═════ MATERIALS PROVIDED

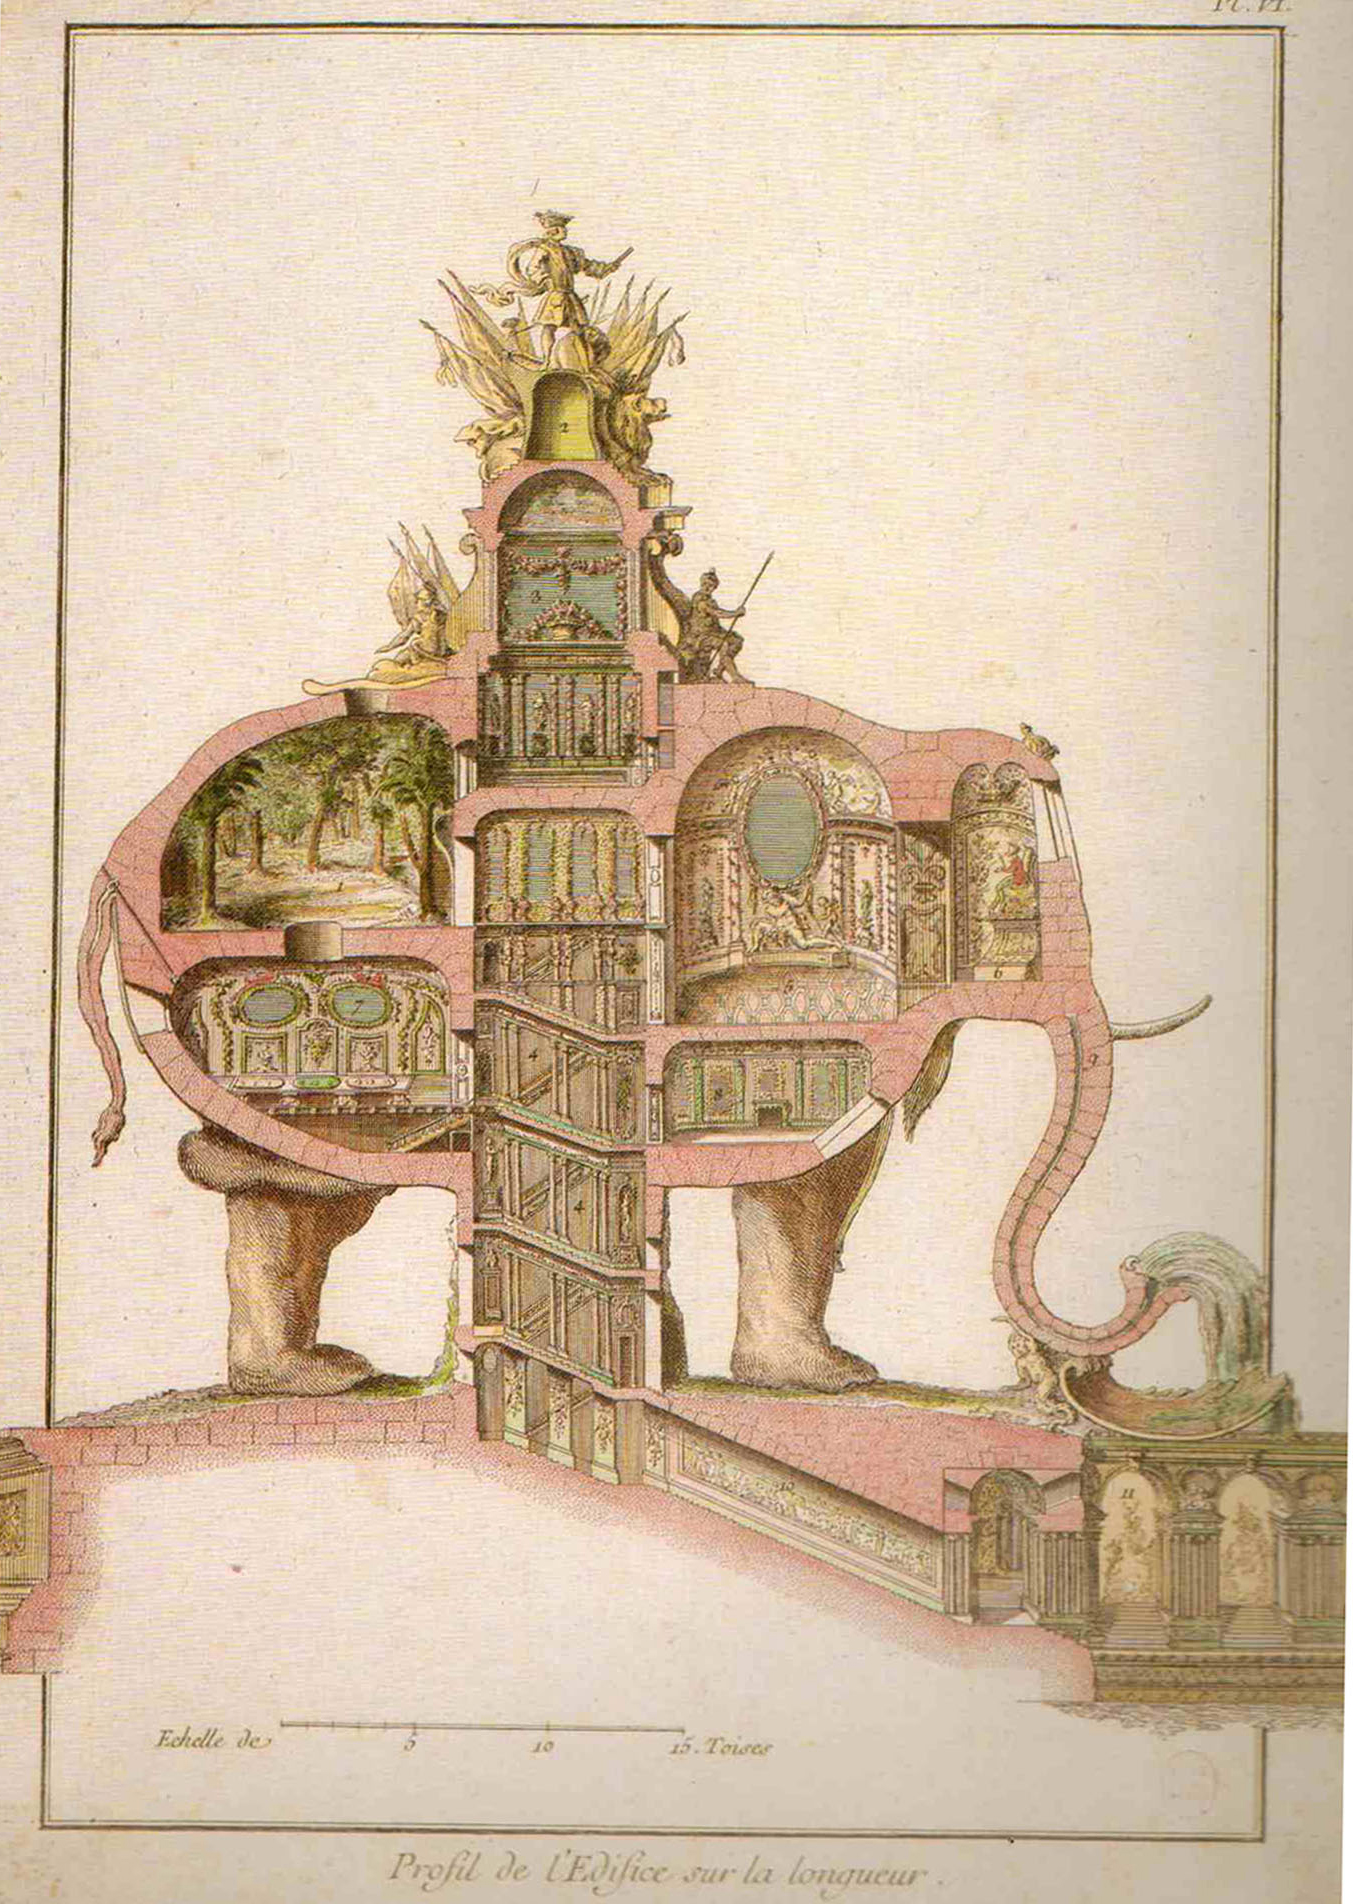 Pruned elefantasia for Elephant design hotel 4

══════════
═════ MATERIALS PROVIDED

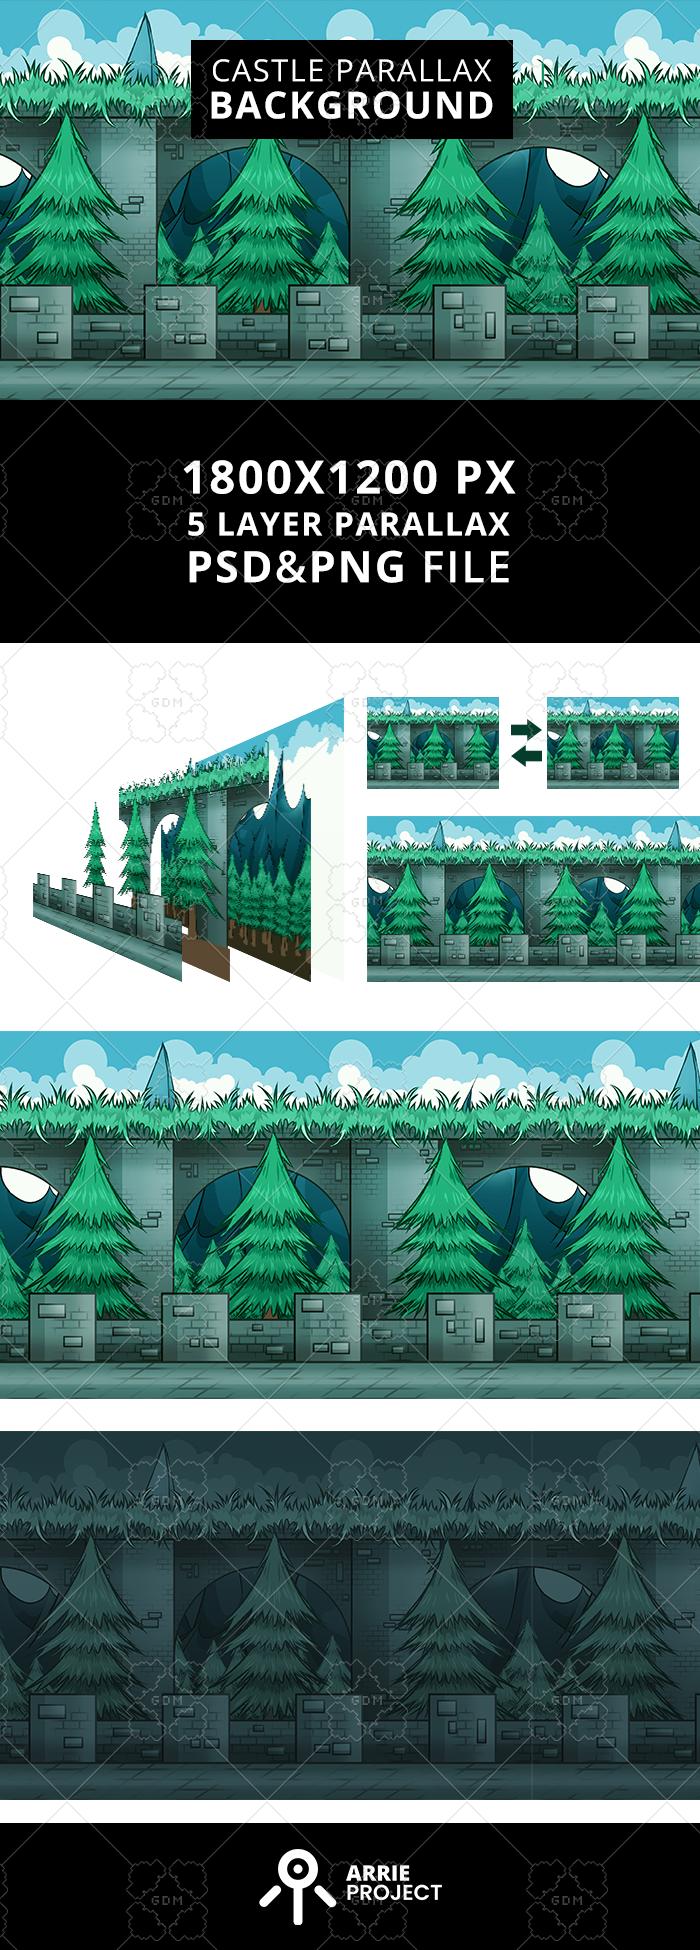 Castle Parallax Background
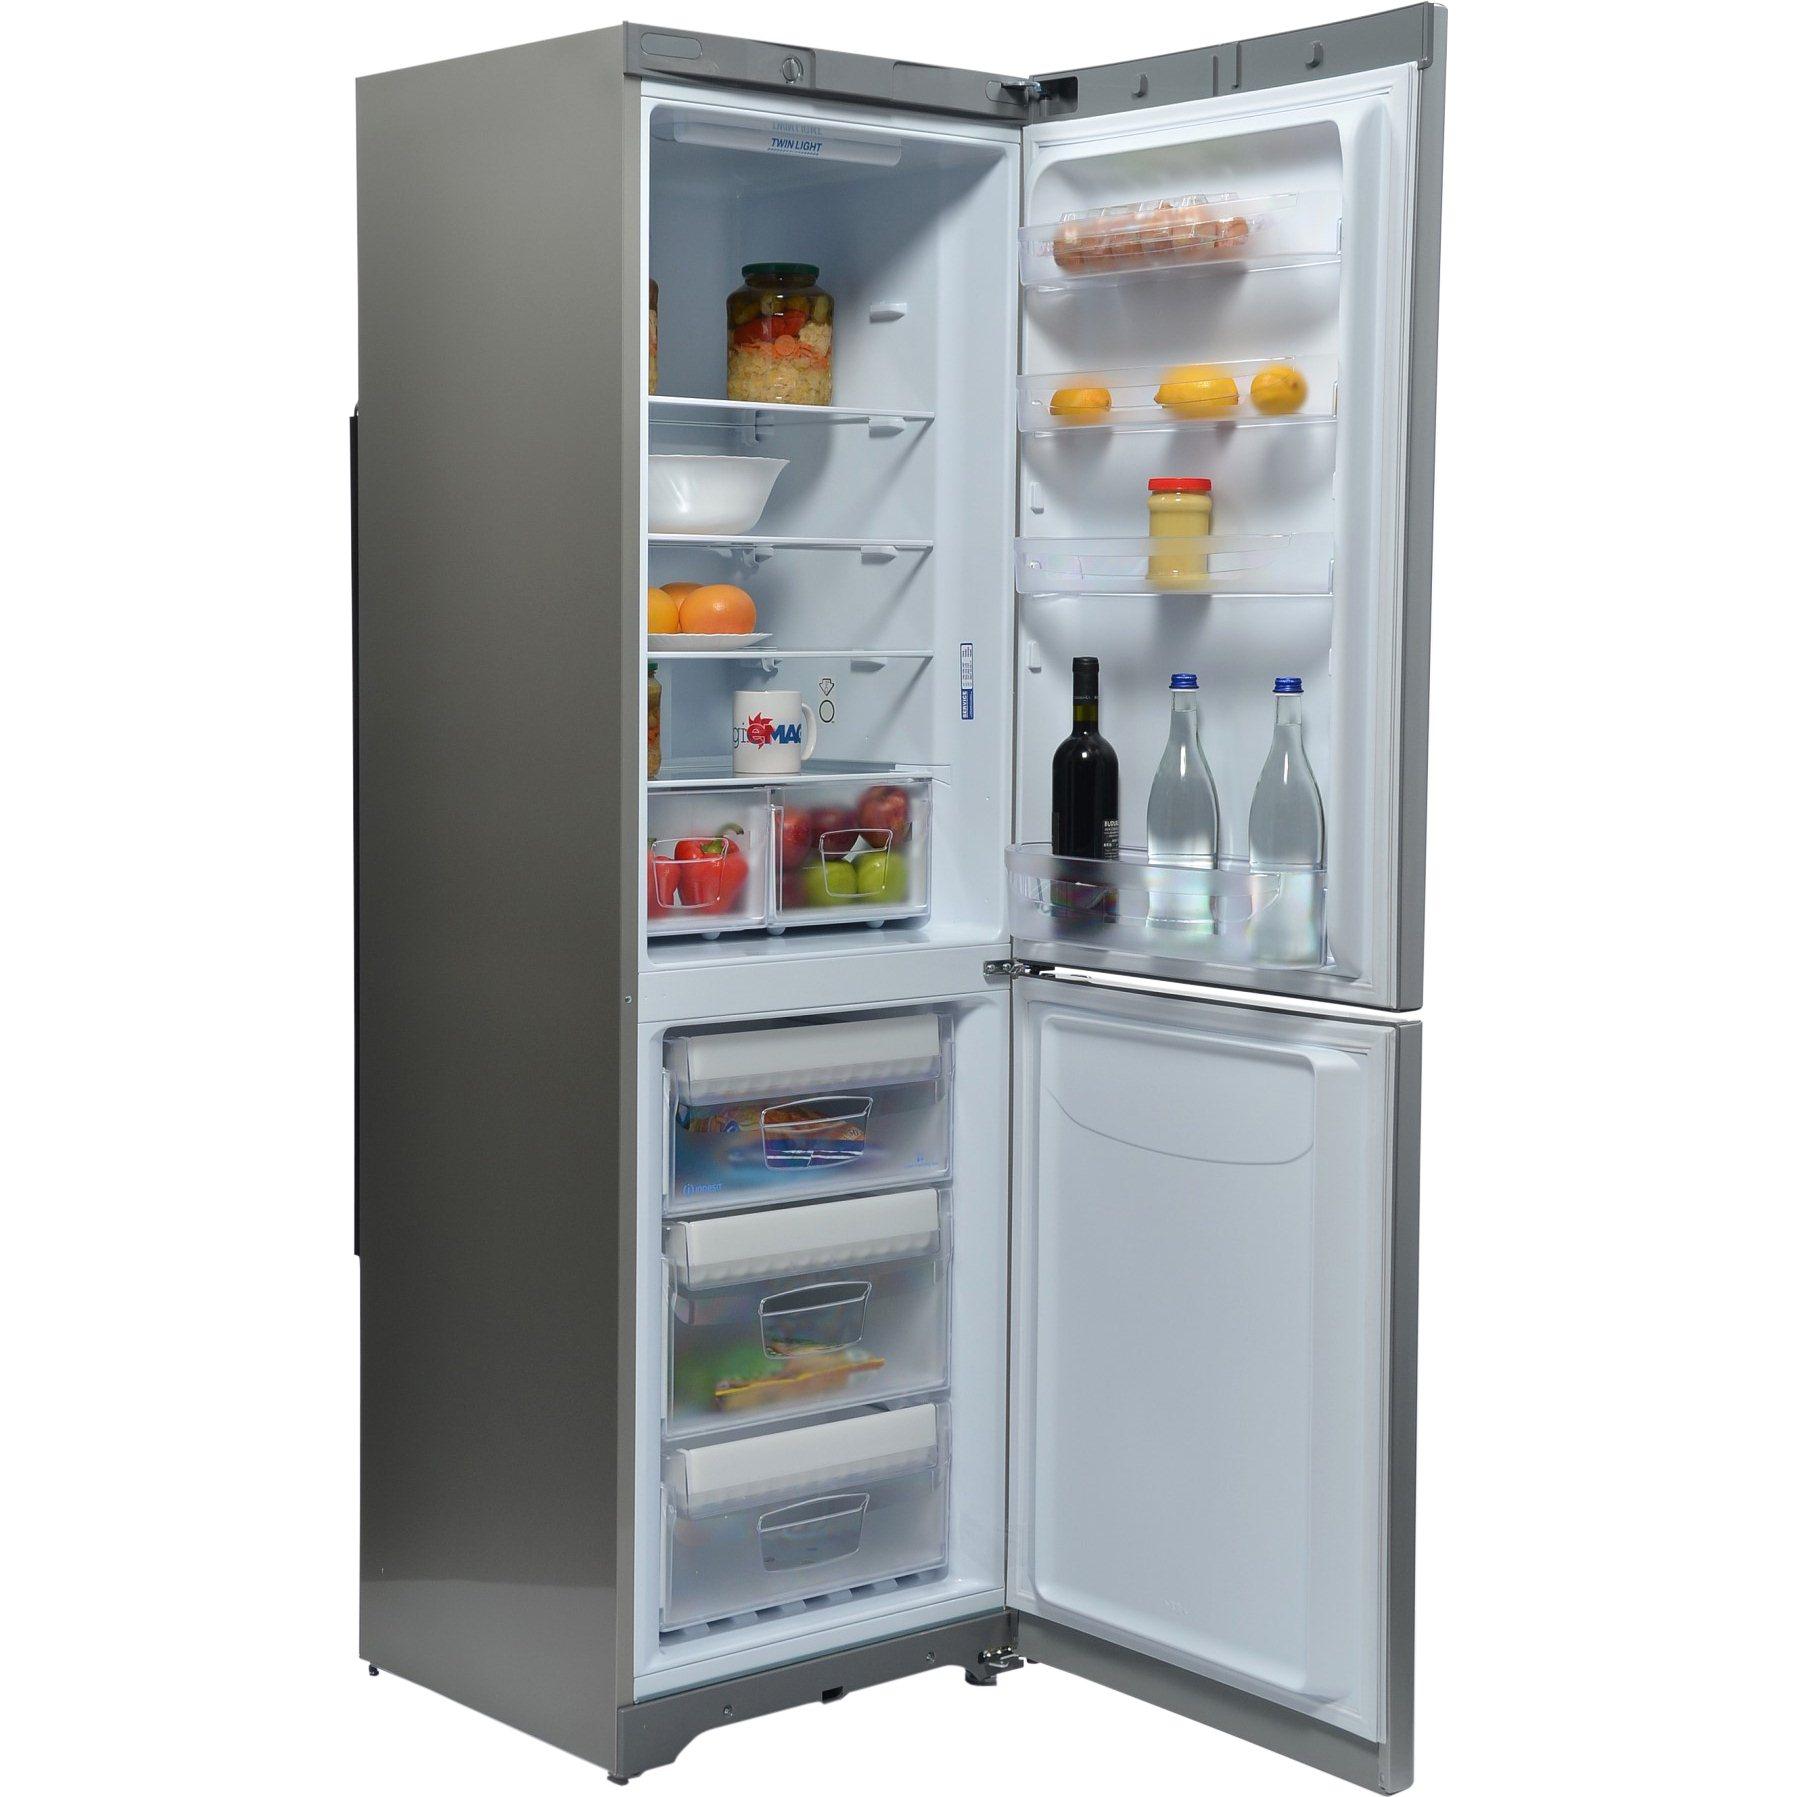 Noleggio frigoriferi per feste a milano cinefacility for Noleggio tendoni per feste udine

══════════
═════ MATERIALS PROVIDED

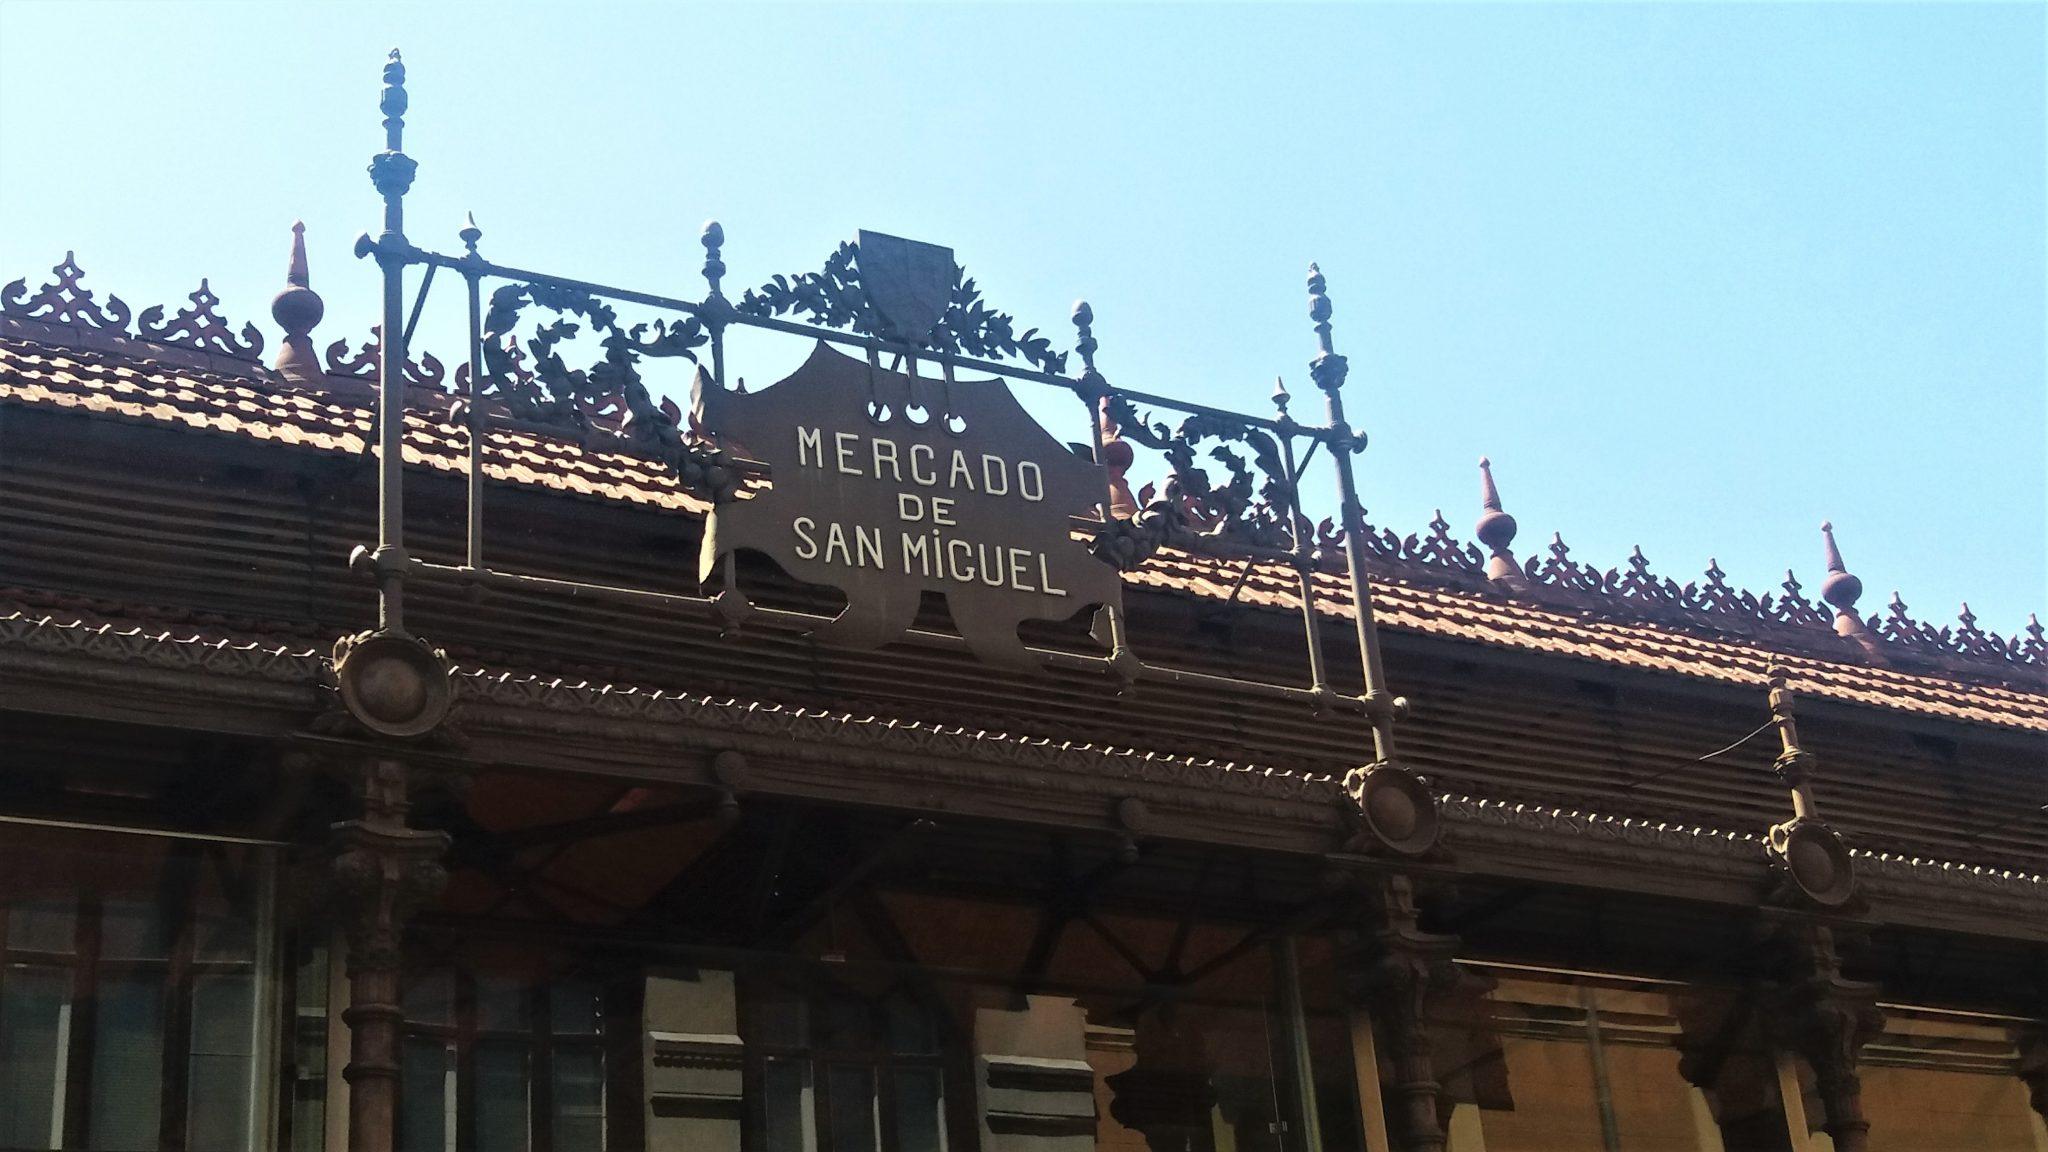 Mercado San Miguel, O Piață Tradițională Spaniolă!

══════════

* _WHAT TO WORK ON_
In the listing above, find the line with "Castle Parallax Background" and the line with "Noleggio frigoriferi per". Copy exactly those lines and all between them, minus the images.

* _ANSWER FOR THE TASK_
 Castle Parallax Background
 Noleggio frigoriferi per feste a milano cinefacility for Noleggio tendoni per feste udine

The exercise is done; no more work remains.